Current thesis: CION's income engine is still alive, but common equity is under far more pressure than the headline earnings line suggests, which makes 2026 a proof year rather than a comfort year.

What changed: A year ago, the company could still be read mainly through its yield. Today it has to be read first through NAV, valuation marks, and the debt calendar.

Counter-thesis: The market may already be pricing in more damage than the portfolio really shows. Non-accruals are still only 1.8%, most of the book remains first lien, the company still accesses unsecured markets, and buybacks below NAV could become value-accretive if marks stabilize.

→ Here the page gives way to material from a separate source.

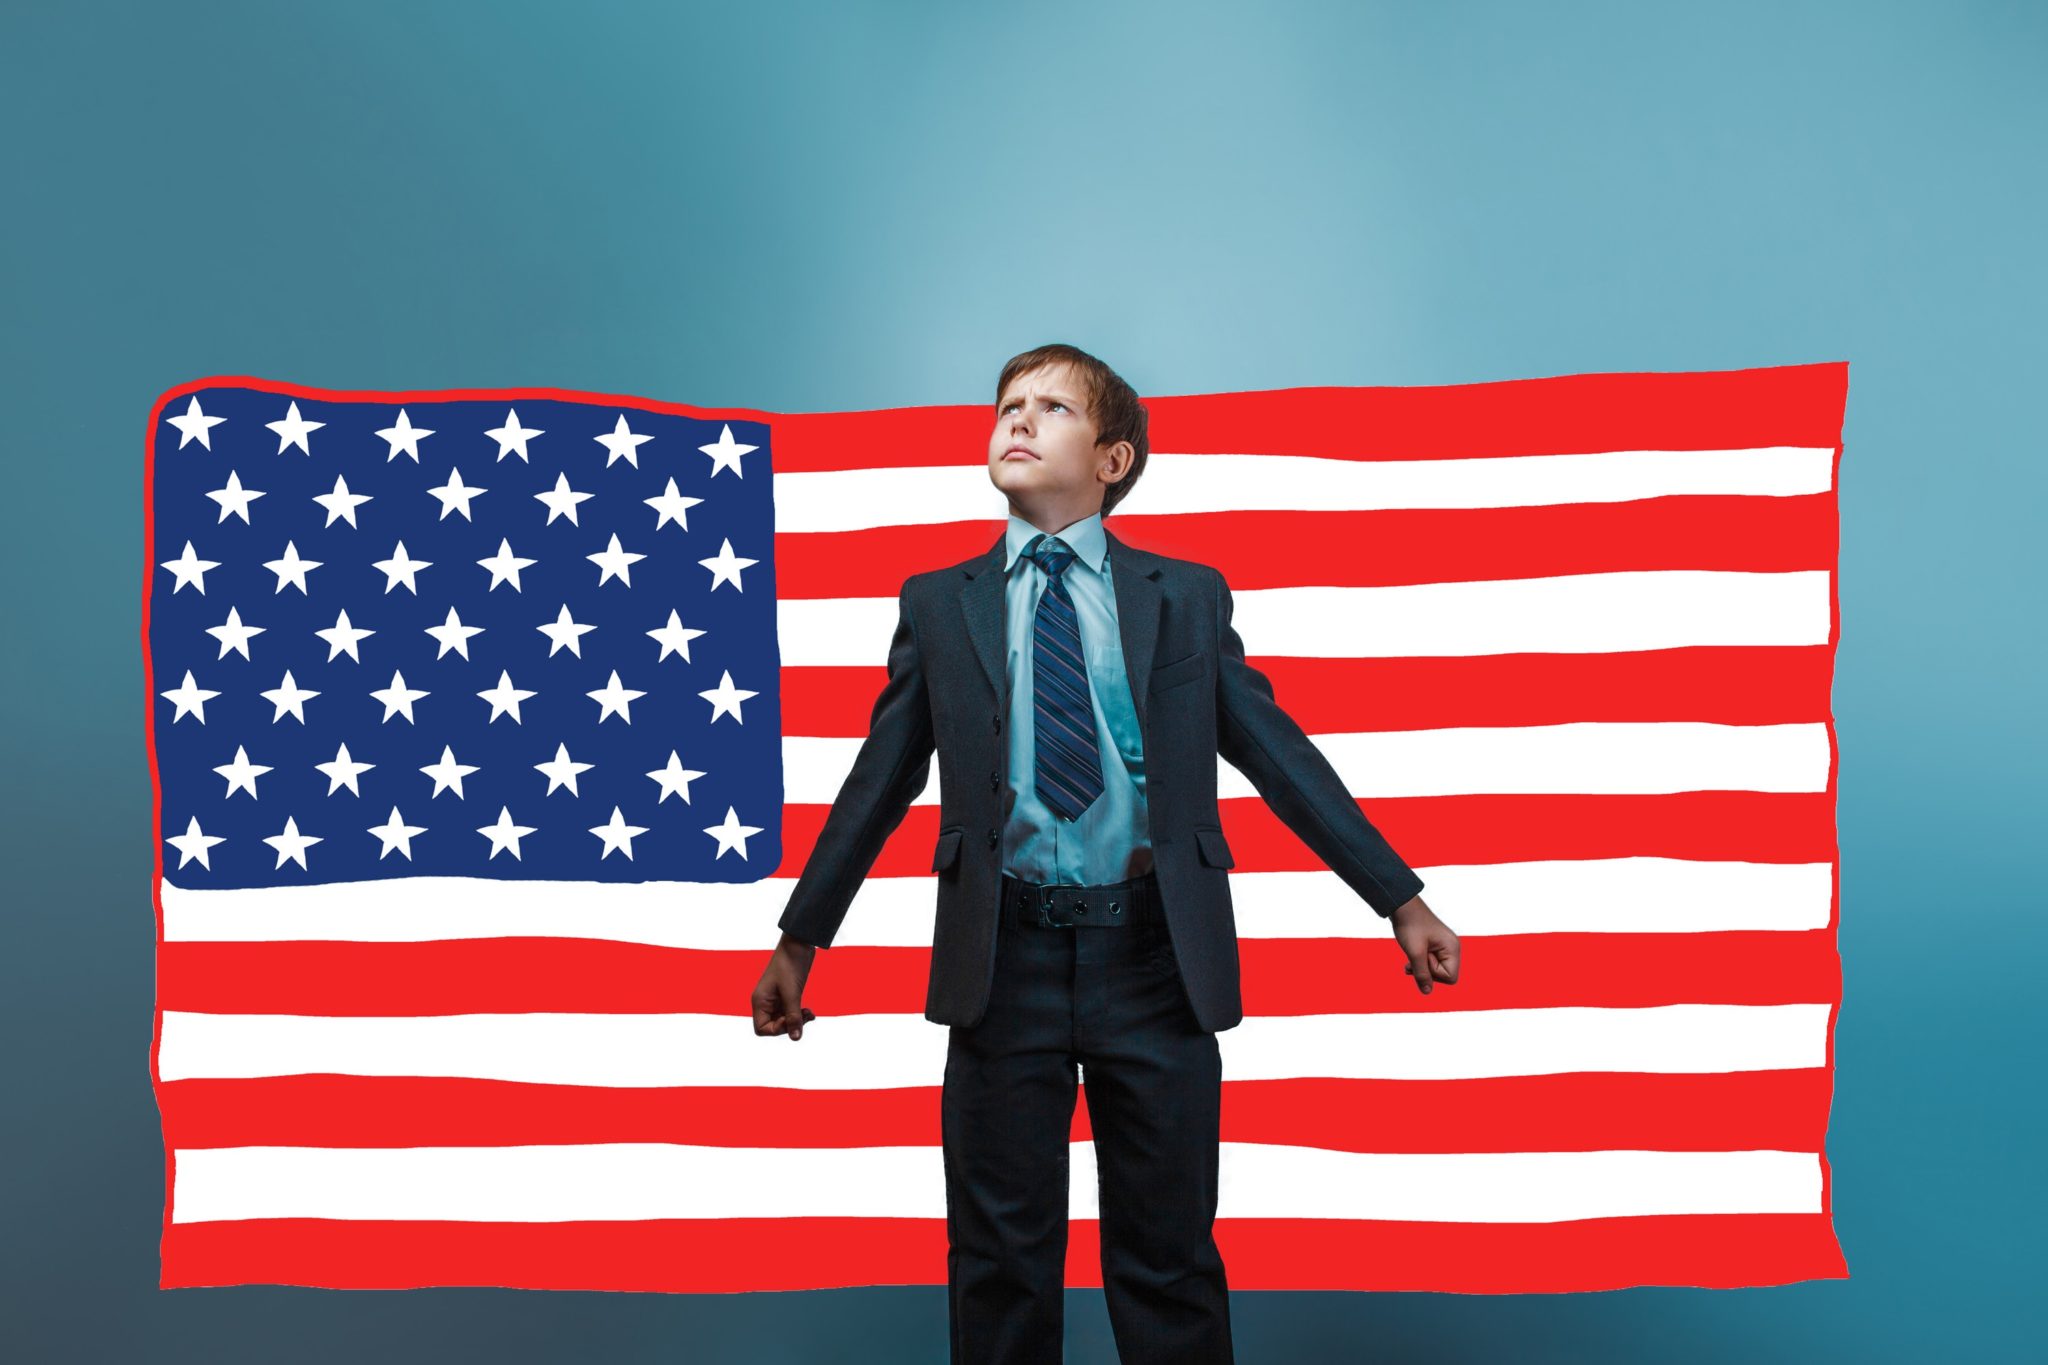 Image of a young child dressed in business suit looking authoritarian while standing in front of American flag backdrop

What could change the market read: Two cleaner quarterly reports, stable coverage of the new base distribution, and another step that reduces 2027 pressure could improve the interpretation fairly quickly.

Why this matters: In CION, the question is not just how much coupon the portfolio can produce this year. It is whether that income is truly accessible to common shareholders after marks, refinancing, and capital-allocation decisions.

What must happen next: NAV has to stabilize, liquidity needs to be put back to work without weaker underwriting, and the new base distribution has to be covered more cleanly in a lower-rate environment.